After a brief interval, Senior String Orchestra took to the stage, performing Schubert’s Death and The Maiden, his String Quartet No.14. This is one of his most popular pieces of chamber music, originally for string quartet. The first movement performed displayed a kaleidoscope of emotions- from hugely passionate, to the quietest of soft moments. These emotions were all aptly displayed in the performance provided by our Senior String Orchestra.

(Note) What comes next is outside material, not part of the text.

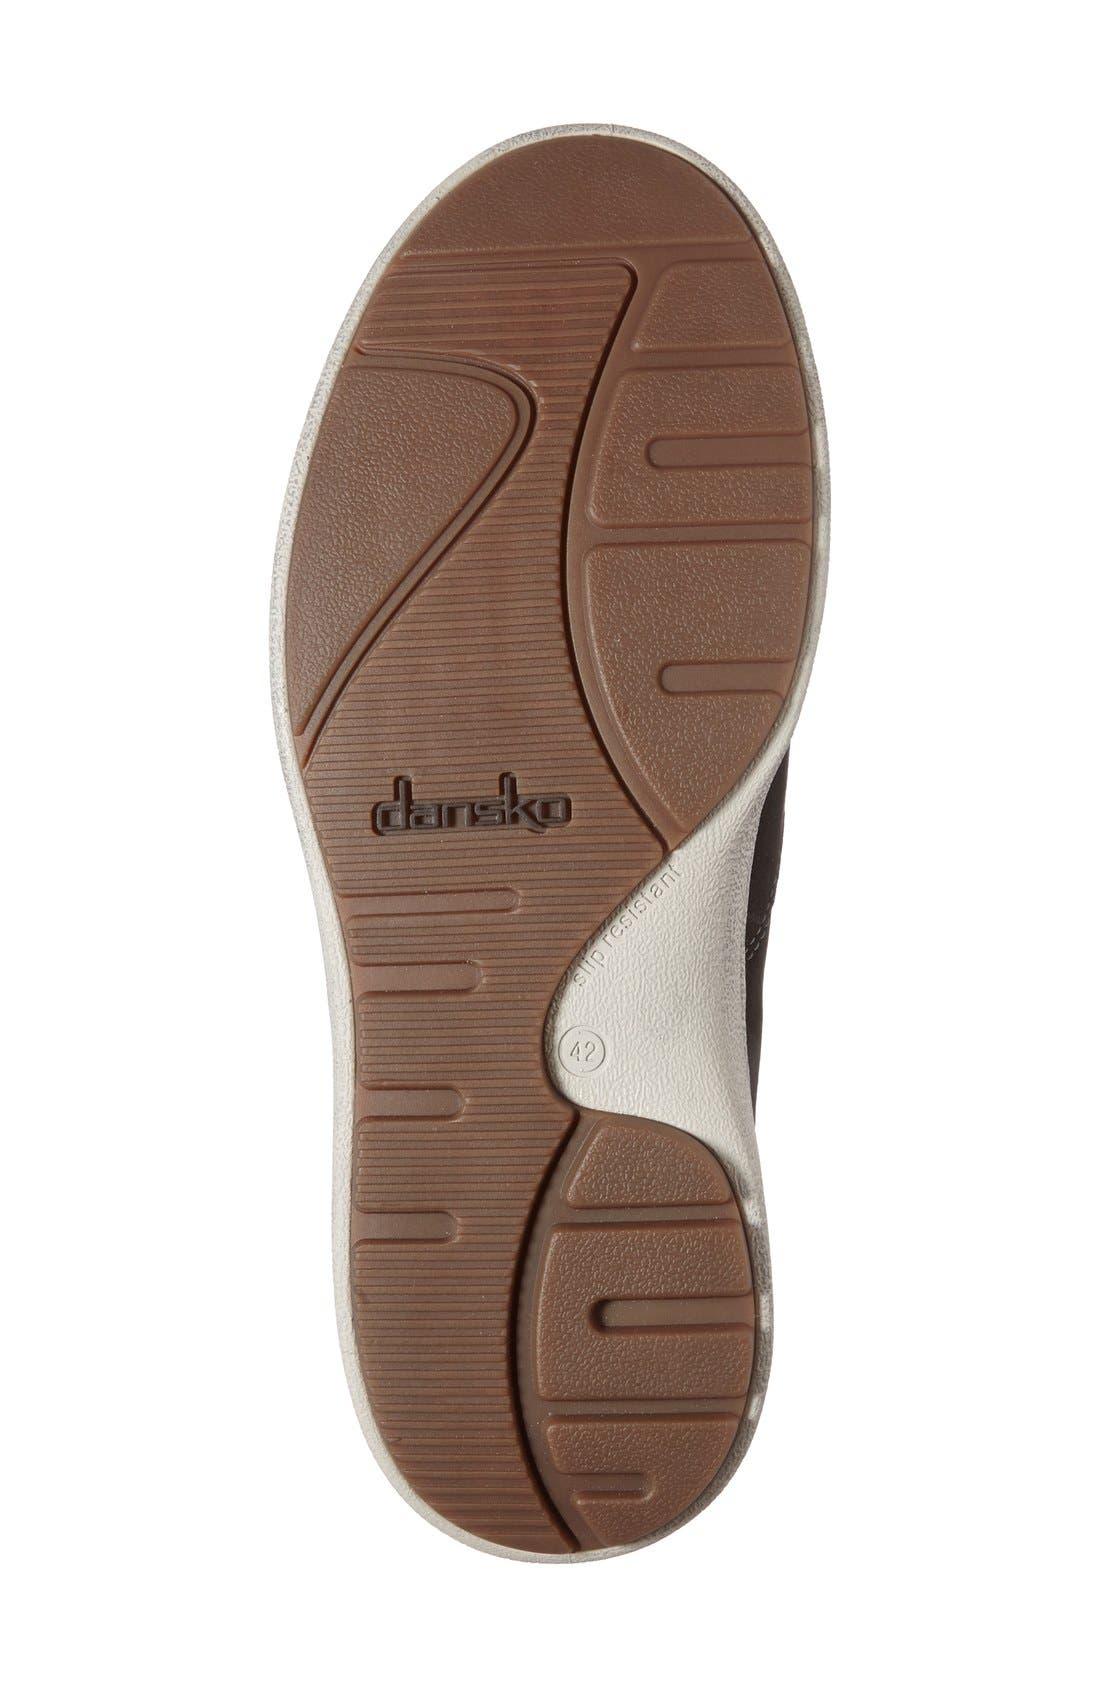 DANSKO, 'Viktor' Water Resistant Slip-On Sneaker, Alternate thumbnail 4, color, BLACK MILLED NUBUCK LEATHER

Finally, the turn of the First Orchestra had come. One after the other, tubas, trombones, horns, trumpets, oboes, clarinets, flutes, percussionists and more filled the stage. Packed to the brim with all types of sound waiting to burst out of those instruments, the music began.
The 2nd Symphony Little Russian by Tchaikovsky was the piece in question, and its four movements were full of moments of folk tunes, earning it praise from Russian nationalist composers and its nickname. The first movement was started and ended by a flowing horn solo, played brilliantly by Miss Jones.

The final movement of the concert was the contrasting fourth movement, which contained loud and fulsome sections of the full orchestra, but was punctuated with quiet, emotive string playing. The symphony was finished off in dramatic fashion, with the full orchestra proving a hard-hitting and memorable finish to the concert showcasing the high standards at CLS and the outstanding London Youth Choir.

The stage was packed to the brim with all types of sound waiting to burst out of those instruments.